--- Exercise inputs Enclosed Below ---

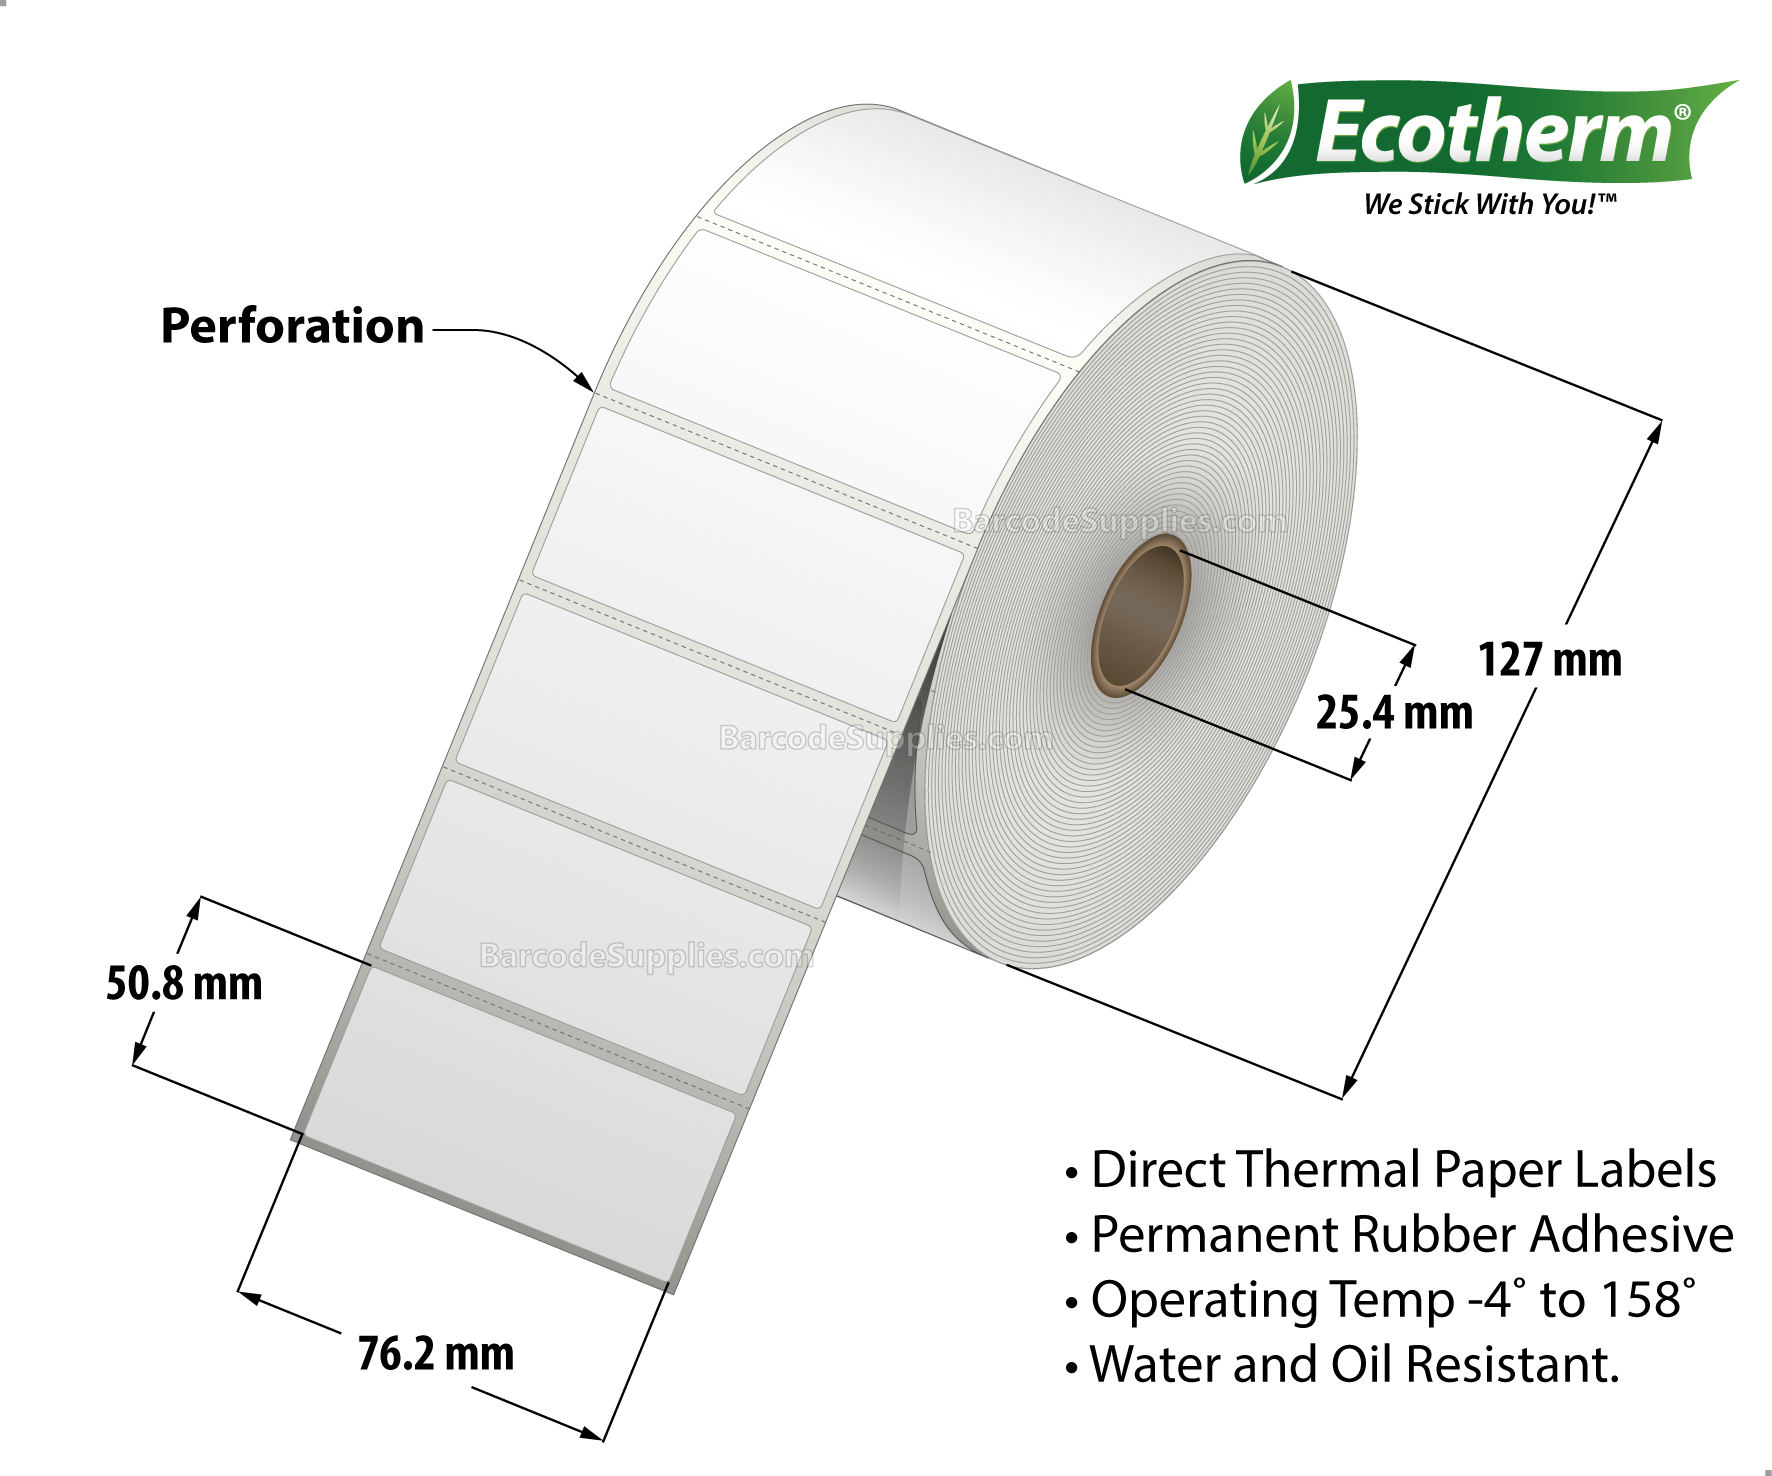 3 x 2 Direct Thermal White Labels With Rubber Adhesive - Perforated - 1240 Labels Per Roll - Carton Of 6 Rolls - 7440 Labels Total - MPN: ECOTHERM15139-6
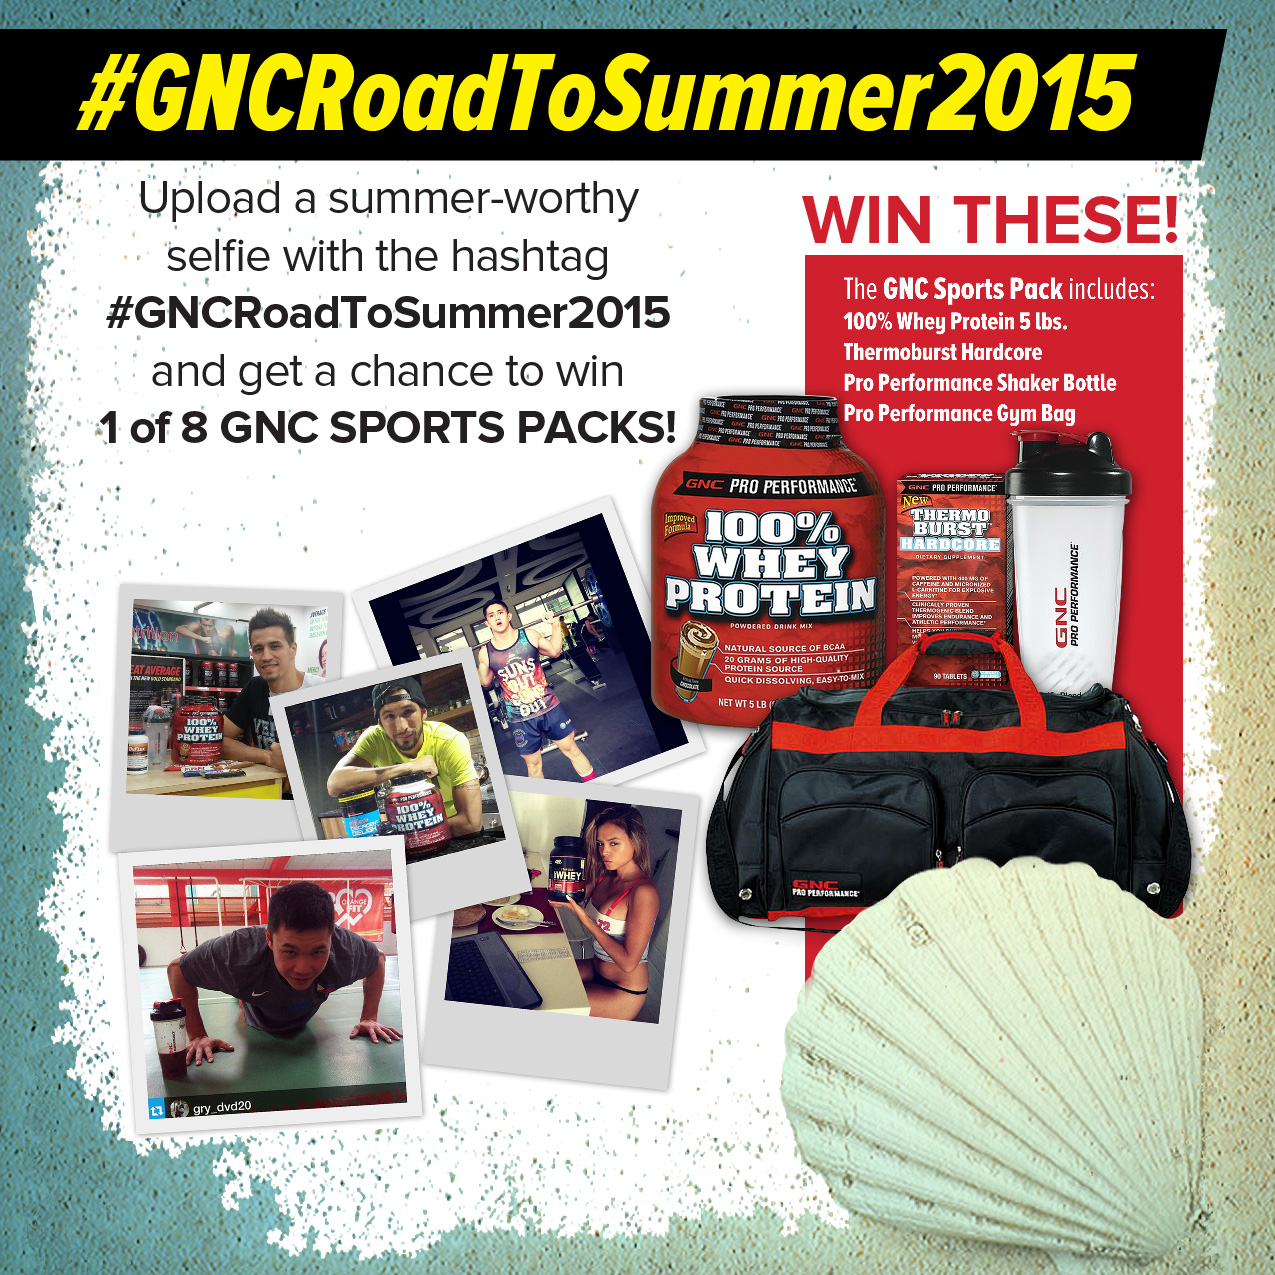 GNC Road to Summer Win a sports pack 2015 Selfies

--- End of Enclosed Exercise inputs ---
--- Exercise inputs Enclosed Below ---

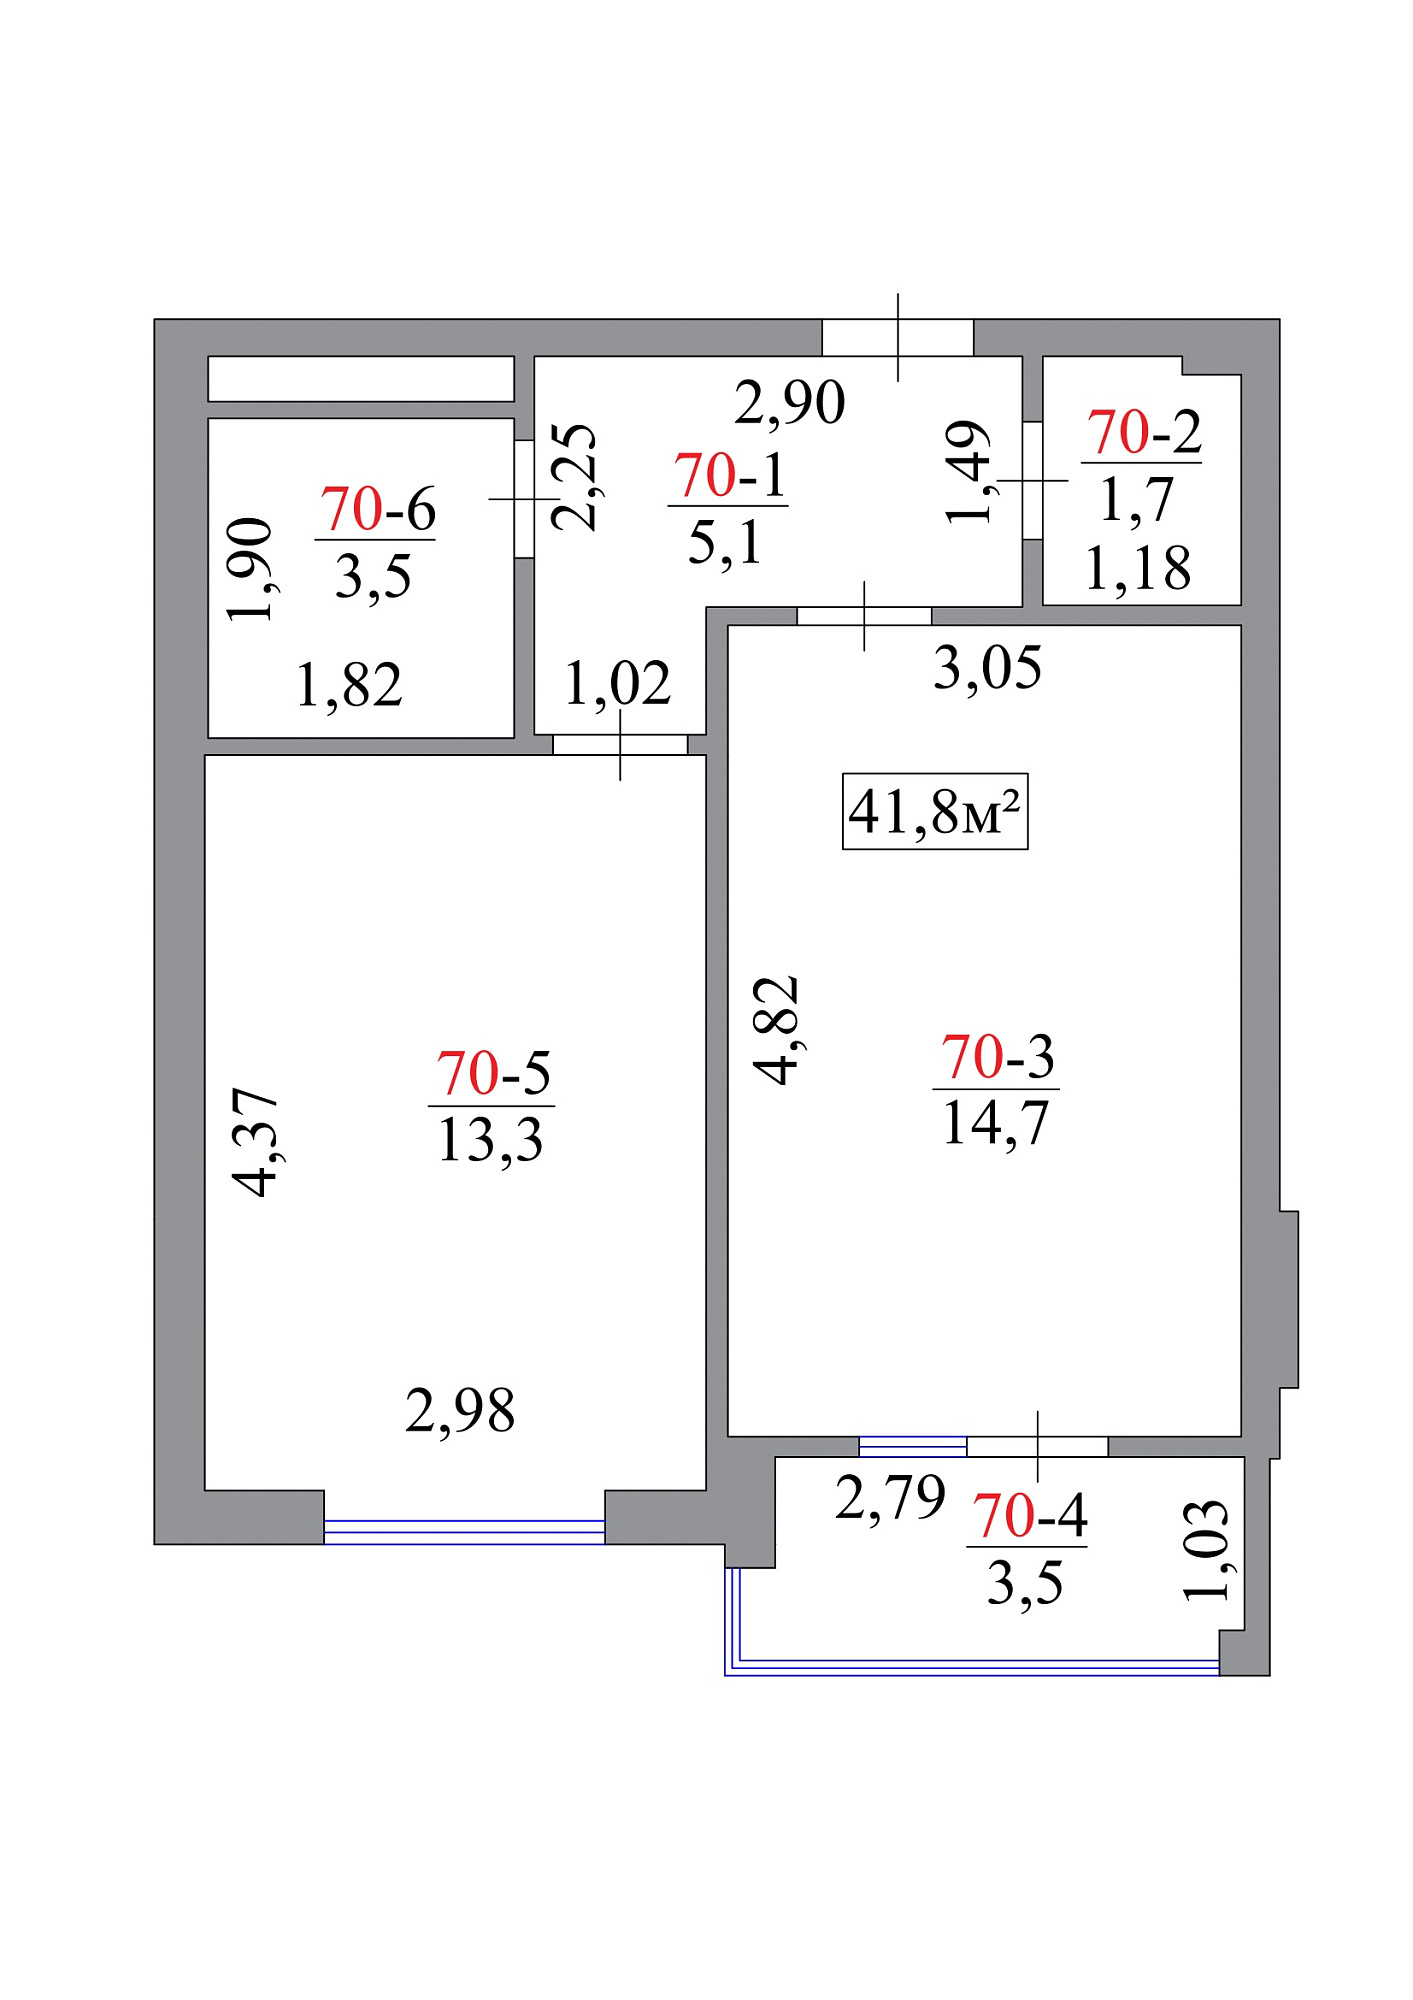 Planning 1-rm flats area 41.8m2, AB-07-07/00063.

--- End of Enclosed Exercise inputs ---

*Problem to solve:* With the pictures omitted, restate word for word the lines above from the line that has "3 x 2 Direct" up to and including the line that has "GNC Road to", and no other lines.

*Answer to this task:*
 3 x 2 Direct Thermal White Labels With Rubber Adhesive - Perforated - 1240 Labels Per Roll - Carton Of 6 Rolls - 7440 Labels Total - MPN: ECOTHERM15139-6
 GNC Road to Summer Win a sports pack 2015 Selfies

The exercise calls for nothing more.